After optimization of the conditions needed to obtain high resolution SPECT images in vivo, we then attempted to visualize intratumoral heterogeneity. The 111In-labeled liposomes were intravenously injected into sarcoma 180 tumor-bearing mice (8–15 MBq/mouse), and SPECT/CT fusion images were obtained at 24 h after injection (Fig. 4). The images of case #1 are a whole body maximum intensity projection (MIP) image and representative slice images containing the tumor. Images of case #2 are sectional images of the tumor site of another mouse. In both cases, the 111In-labeled liposomes were strongly accumulated in the tumor, and the heterogeneous intratumoral localization in vivo was successfully visualized using SPECT with good spatial resolution. The liposomes were strongly located in the marginal regions of the tumors. We also found that the 111In-labeled liposomes were strongly accumulated in the liver and spleen as shown in the case #1 images. These results corresponded well with our previous results for biodistribution of radioactive liposomes [15, 1719].

Fig. 4
figure 4

In vivo SPECT/CT images of sarcoma 180-bearing mice 24 h after administration of 111In-labeled liposomes. Case #1: whole body images containing maximum intensity projection (MIP) and representative sagittal, coronal, and axial slice images containing the tumor. Case #2: representative sagittal, coronal, and axial slice images of the tumor site in another mouse. The SPECT projection data were acquired under the optimized conditions for in vivo imaging. The acquisition time was 150–300 s per projection with 24 (6 × 4) directions, total = 1–2 h. The acquired projection data were reconstructed using InVivoScope software with condition B

Figure 5a shows serial axial slices of SPECT tumor images with an interval of 0.2 mm. Each image shows good spatial resolution. We also demonstrated that the images were different from each other, even though all were part of the same tumor mass. This indicated that the distribution of the radioactive liposomes in the tumor appeared to be heterogeneous and was successfully visualized in vivo. Figure 5b shows ex vivo ARGs of sections of an excised tumor and the corresponding in vivo SPECT images. The ARGs showed excellent resolution and confirmed that the distribution of the 111In-labeled liposomes in the tumor was indeed heterogeneous, and in vivo SPECT images accurately reflected the heterogeneity.

Fig. 5
figure 5

Visualization of the intratumor distribution of 111In-labeled liposomes. a In vivo serial axial SPECT images of 0.2-mm thickness from the same tumor. b Ex vivo autoradiograms of excised tumor sections and the corresponding in vivo SPECT images

Figure 6 shows in vivo axial SPECT images of various-sized tumors obtained from four individual tumor-bearing mice that were administered 111In-labeled liposomes. For every case, the intratumoral distribution could be clearly visualized. After the acquisition, the tumors were removed, and their weight and radioactivity were measured (Table 1). The tumor sizes were between 0.51 and 1.61 g, and the accumulated radioactivity in the isolated tumors was between 0.26 and 1.2 MBq/g of tumor (5–10% of the injected dose/g).

Fig. 6
figure 6

Representative axial slice images of tumors obtained from four individual tumor-bearing mice administered 111In-labeled liposomes. Each image was acquired 24 or 48 h after administration of the 111In-labeled liposomes. The greatest dimension of the serial axial SPECT images for each mouse is shown. After imaging, the tumors were removed, and their weight and uptake of radioactivity were measured (Table 1)

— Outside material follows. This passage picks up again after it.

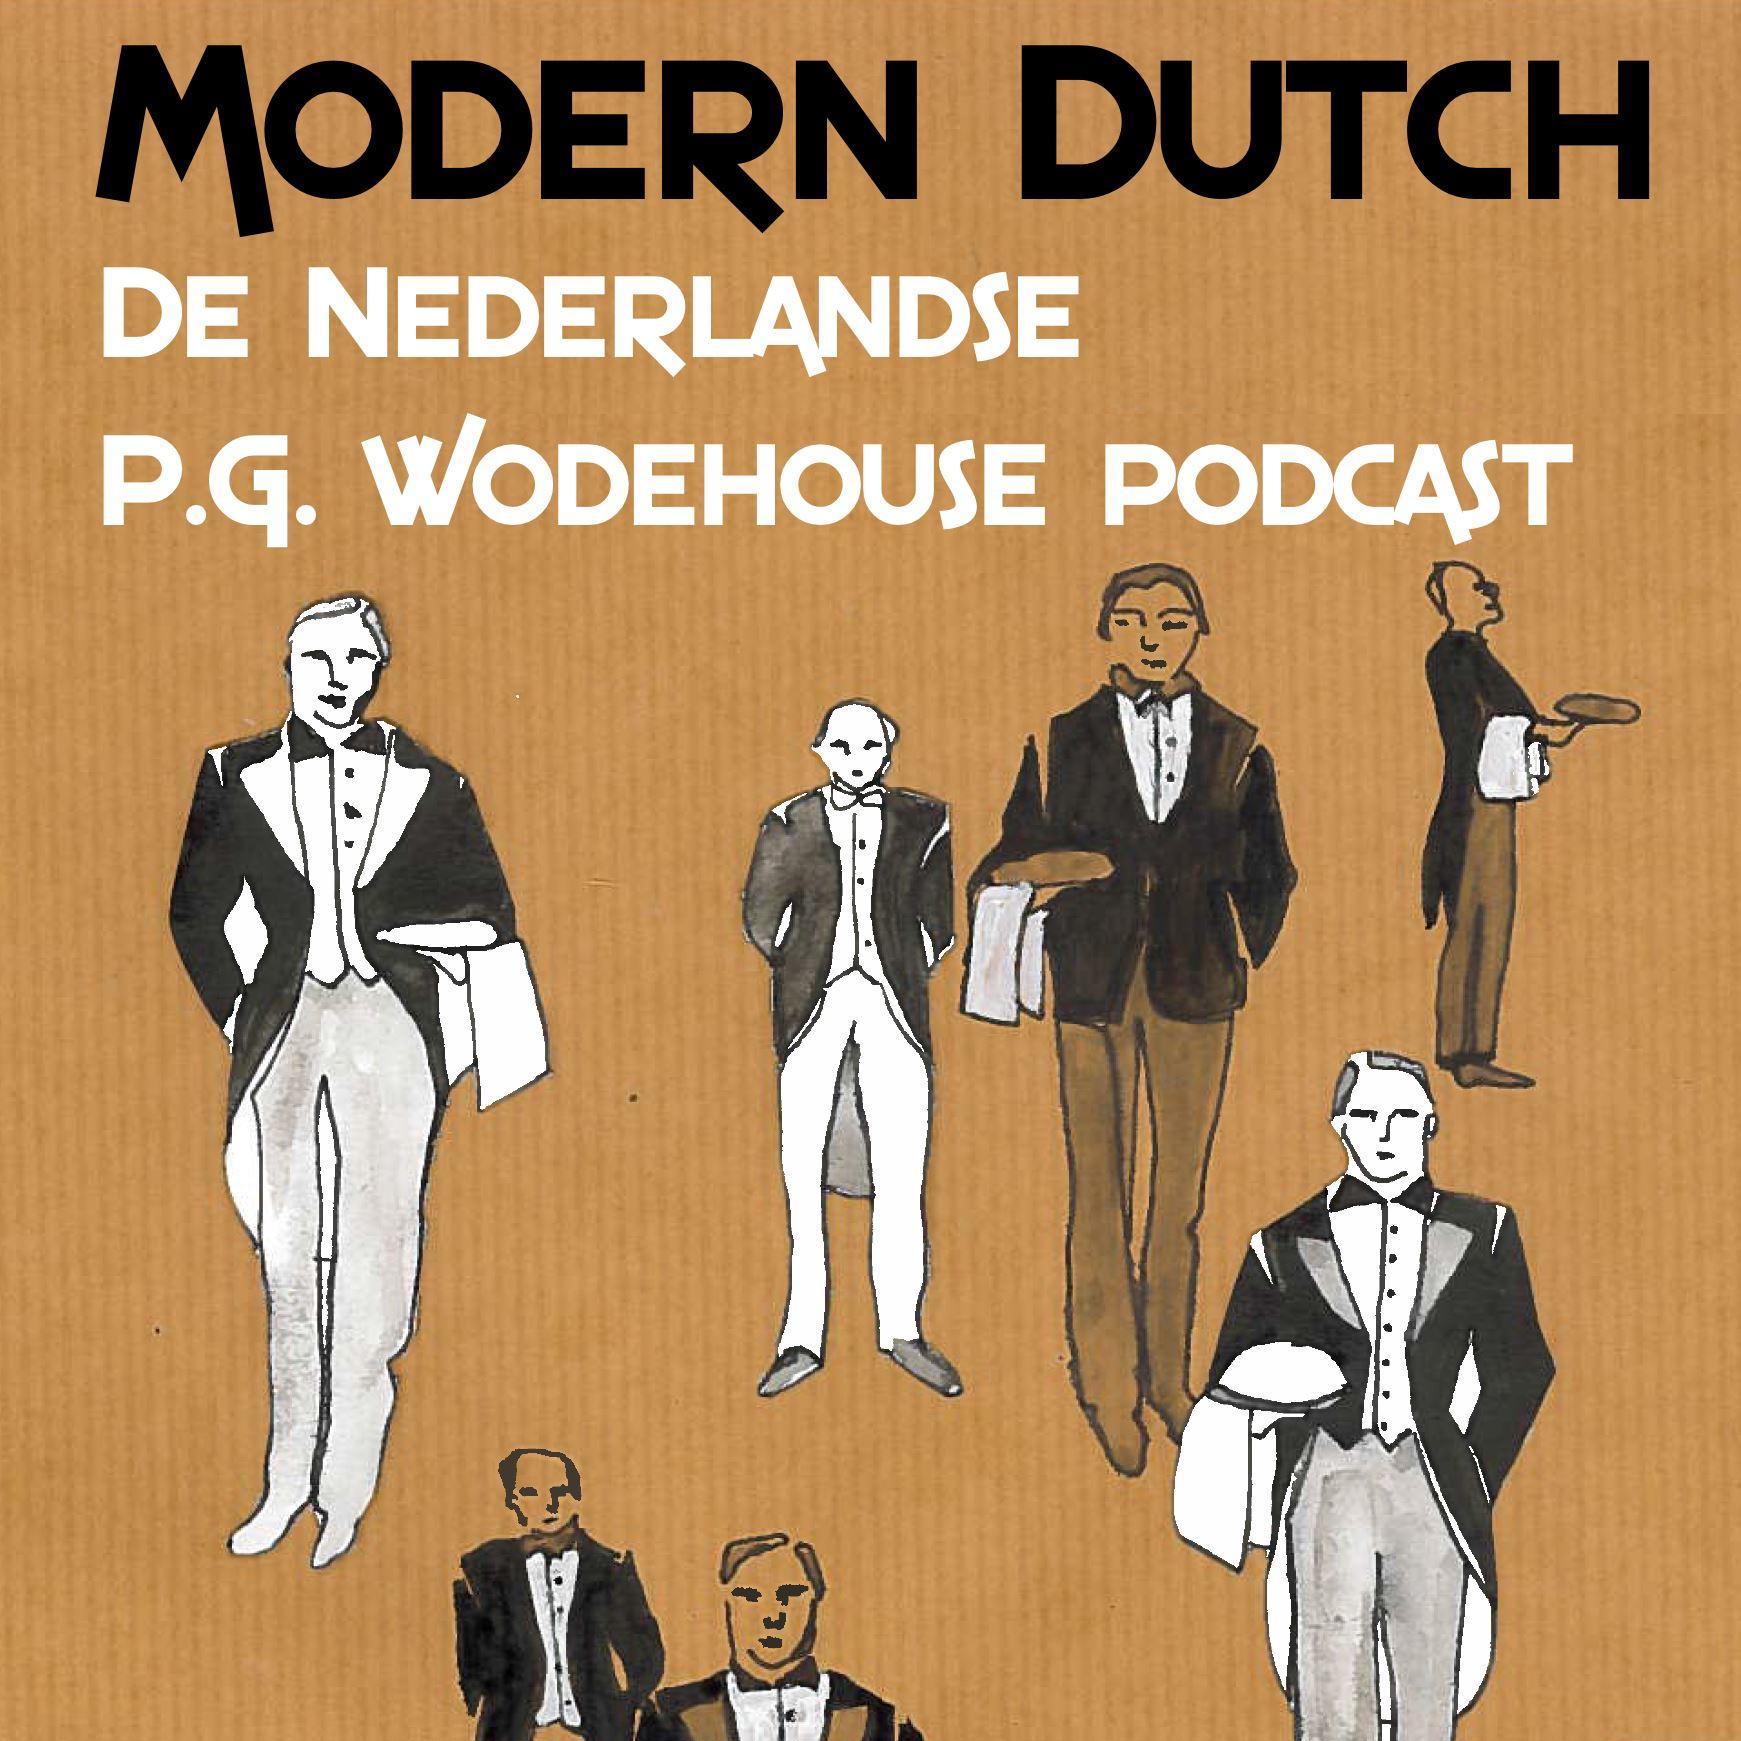 Modern Dutch

Table 1 Radioactivity accumulation in the tumors that were imaged in vivo with high spatial resolution

Discussion

The aim of this study was to investigate the optimal conditions required for SPECT with spatial resolution high enough to visualize intratumoral heterogeneity using in vivo small animal imaging. These approaches have not often been attempted because scanners with high spatial resolution were needed for this purpose. Conventional radionuclide imaging devices have shown quite poor spatial resolution. However, recently developed SPECT scanners dedicated for small animals excel at spatial resolution and appear to hold potential for intratumoral heterogeneity imaging applications. Our SPECT scanner provided excellent spatial resolution of <1 mm in the phantom study under ideal acquisition conditions (Fig. 1a). However, it included conditions such as too high radioactivity and too long acquisition time, which are not practical in actual animal experiments. For practical purpose, most imaging studies using small animal scanners employ a more reasonable radioactive dosage and acquisition time; these conditions, however, should be insufficient for visualization of tumor heterogeneity using high resolution SPECT imaging. Therefore, in the first part of our study, we investigated the acceptable and optimal conditions required for acquisition and reconstruction of images in simulating actual animal experiments with limited radioactivity and acquisition time (Fig. 2).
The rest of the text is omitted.